- The firm generates $8.0 million of gross revenue, which is a material scale indicator for a buyer.
- The practice reports 30,000 billable hours, indicating substantial production capacity.
- EBOC is 50%, providing a clear profitability metric for valuation analysis.
- The firm has 4 partners and 20 staff, showing a defined operating structure with leverage beyond the partner group.
- Revenue per partner is $2.0 million, which is a useful productivity measure from a buyer’s perspective.
- EBOC of 50% suggests only moderate earnings conversion, which can cap valuation on a multiple basis relative to higher-margin firms.
- The firm has only 4 partners and 20 staff, creating a small operating scale that can limit leverage, depth, and buyer diversification.
- Revenue per partner of $2,000,000 indicates meaningful reliance on a very small partner group, which can increase key-person sensitivity in a transaction.
- Partner ages of 20, 20, 20, and 20 indicate an unusually young leadership profile, which raises succession and retention visibility for a buyer because the named partners have limited age diversity.

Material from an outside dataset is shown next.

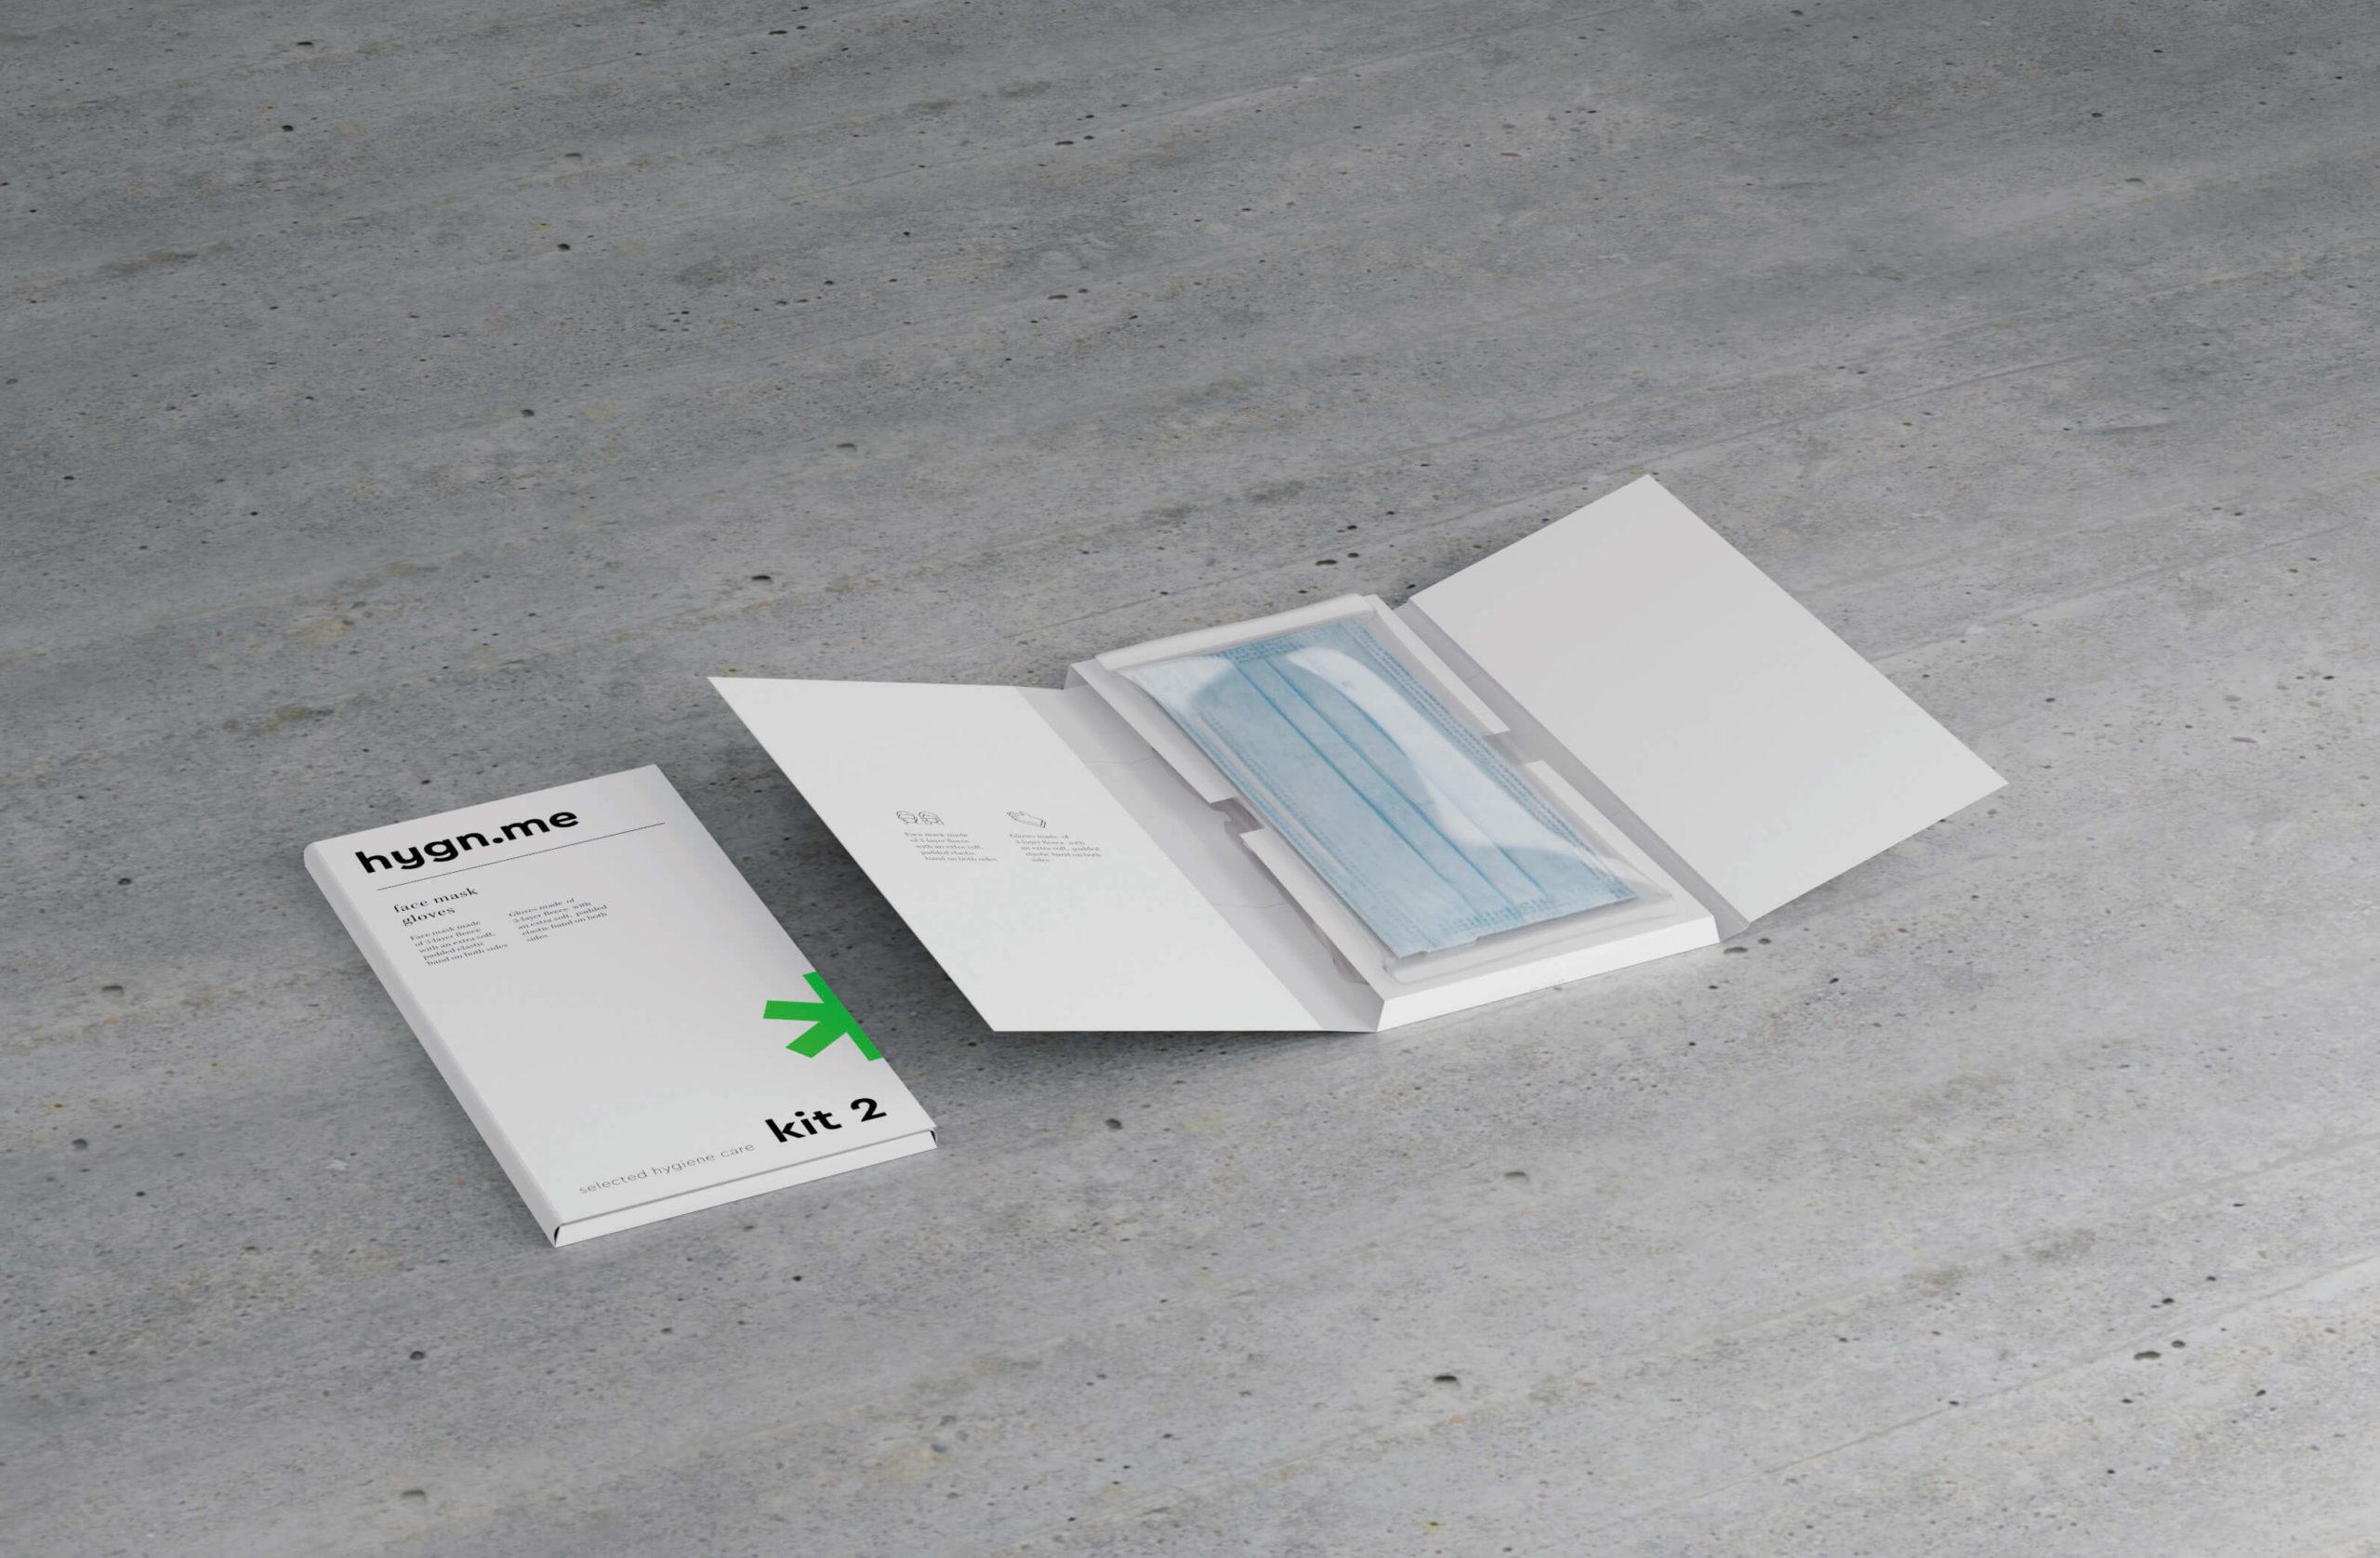 Design Hygienestationen und Desinfektionsspender: hygn.me Kit 2 Hygienekit mit Produkten zur Hygiene und Pflege zum Mitnehmen oder Vergeben an Gäste und Kunden

- Increase partner leverage by expanding staff-supported delivery, as the firm has 4 partners, 20 staff, and 30,000 billable hours, indicating room to shift more work away from partners and improve scalability.
- Improve valuation through succession planning, since all four partners are listed at age 20, which suggests a very young partner group and limited near-term retirement transition risk but also an opportunity to build a deeper leadership bench.
- Grow revenue per partner by increasing throughput or pricing, given gross revenue of $8.0 million and derived revenue per partner of $2.0 million, which provides a clear basis to enhance partner productivity.
- Preserve and potentially expand margins by maintaining the reported 50% EBOC margin while scaling, as the current profitability level indicates a strong platform that could support additional growth without immediate margin compression.
- The firm’s revenue is concentrated at the partner level, with 4 partners and only $2.0 million of revenue per partner, which can create succession and continuity risk if any partner exits or reduces involvement.
- Partner ages are all listed as 20, suggesting the ownership group may be very early in career stage and potentially less established, which can increase execution and retention risk for a buyer.
- With 20 staff supporting $8.0 million of gross revenue, the staffing base is relatively lean, which may limit operating flexibility and increase key-person dependence.
- Billable hours of 30,000 against $8.0 million of revenue imply a high revenue-per-hour profile, which can be harder to sustain if pricing or utilization softens.
- Although EBOC is 50%, the absence of any practice-level detail limits visibility into the durability of earnings drivers and makes quality-of-earnings assessment less certain.